使用jsoup從特定標簽之間的網頁中抓取數據

[英]Using jsoup to scrape data from a webpage in between specific tags

目前,我正在開發一個程序,該程序可以讓我收集最近添加到我的Ao3(我們自己的存檔)同人圈中的5個同名小說故事。 然后將這些故事添加到我設置的ArrayList中,該列表將保存過去一周提交的同人小說。 在每個星期結束時,我計划將ArrayList的內容轉儲到文本文件中,這將允許我將其粘貼到Reddit帖子中以供我的subreddit使用。 現在,為了防止重復,我想將新解析的故事與ArrayList中當前包含的故事進行比較。

(其他信息:該漫游器將每30分鍾檢查一次網頁)

我要了解的部分是網頁的實際解析,以及從HTML標記之間獲取內容。

我抬頭看了CSS選擇器,但仍然感到非常困惑,因為幾乎每個示例都是從一個似乎容易抓取的網站(例如IMBD)中獲得的。

從基礎研究來看,這些故事看起來都在我正在尋找的主體內部,所有故事都位於一個有序列表的標簽內。

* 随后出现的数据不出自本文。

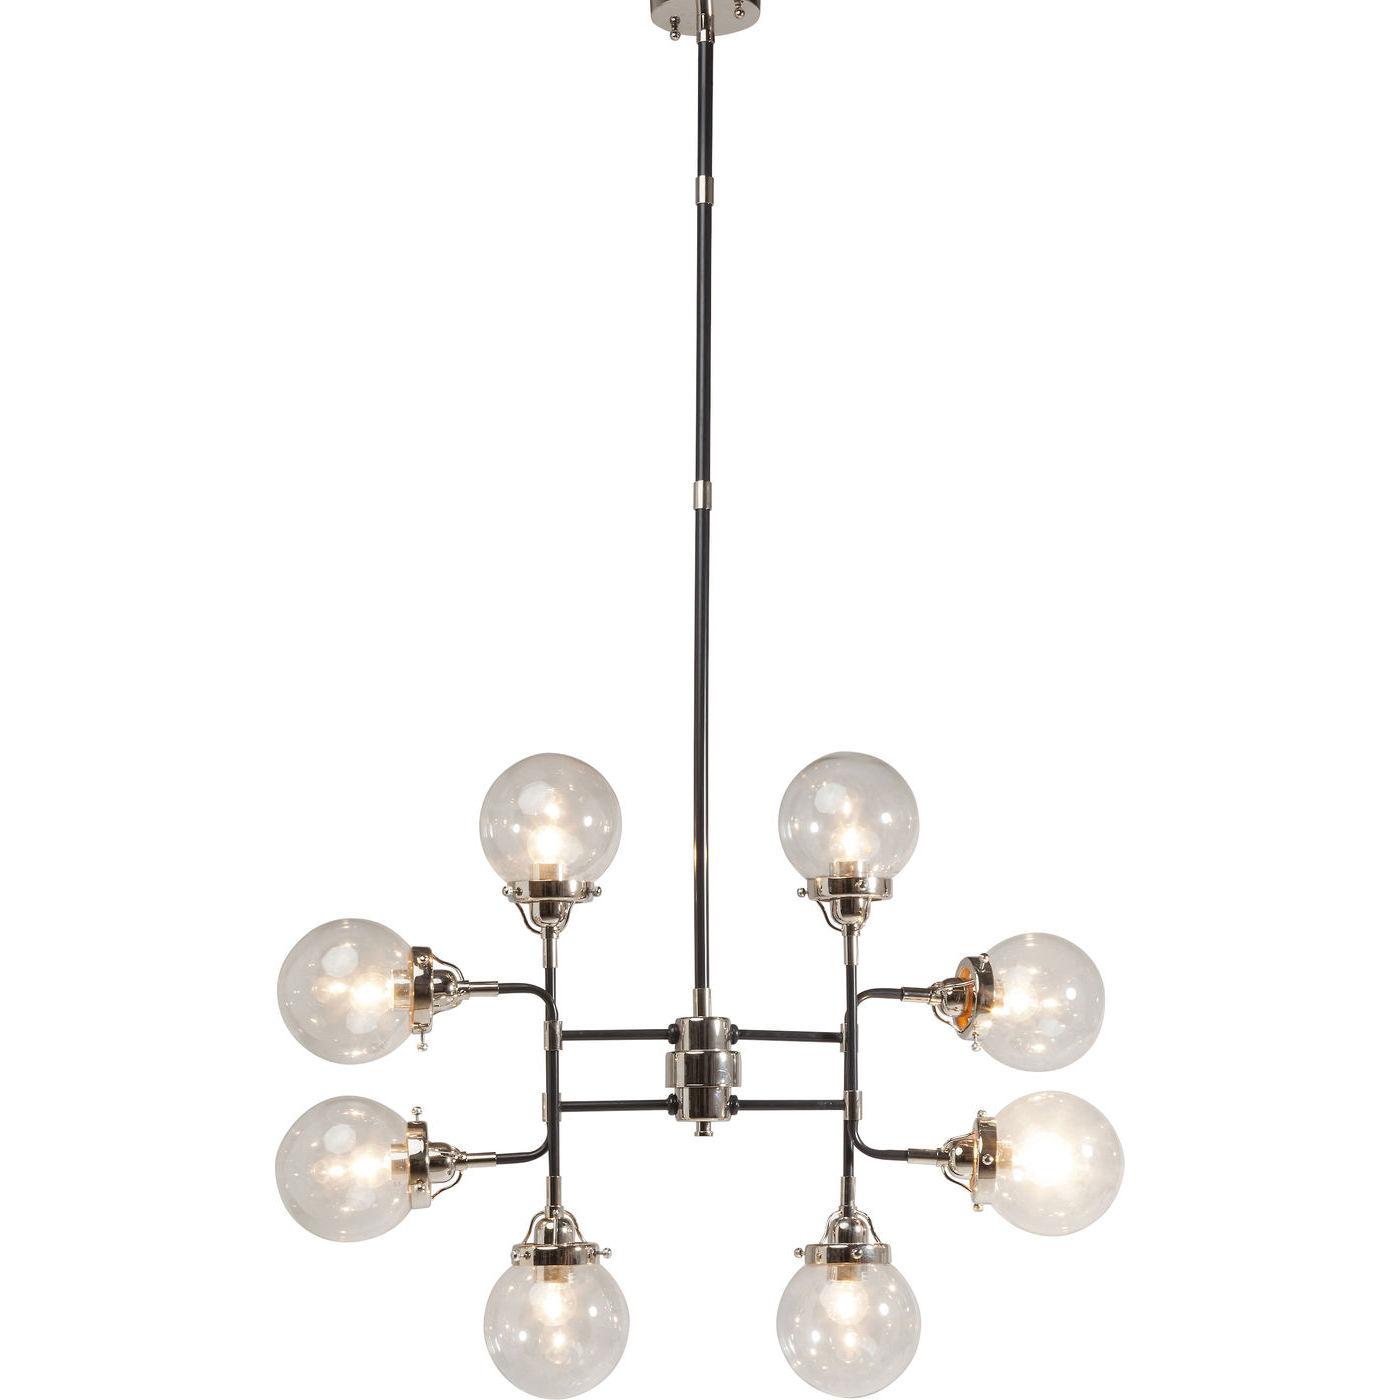 KARE DESIGN Loftslampe, Pipe Visible Eight

<o1 class="work index group">
    <li class="work blurb group" id="work_10504812" role="article>...</li>
    <li class="work blurb group" id="work_9656693" role="article>...</li>
    <li class="work blurb group" id="work_11814486" role="article>...</li>
    //Goes on for ~20 more stories
    <li class="work blurb group" id="work_11687247" role="article>...</li>
</ol>

因此,為清楚起見,每種列表類型都是位於有序列表中的單個故事。 一個列表標記內的任何內容如下。 (為上下文添加了有序列表標簽)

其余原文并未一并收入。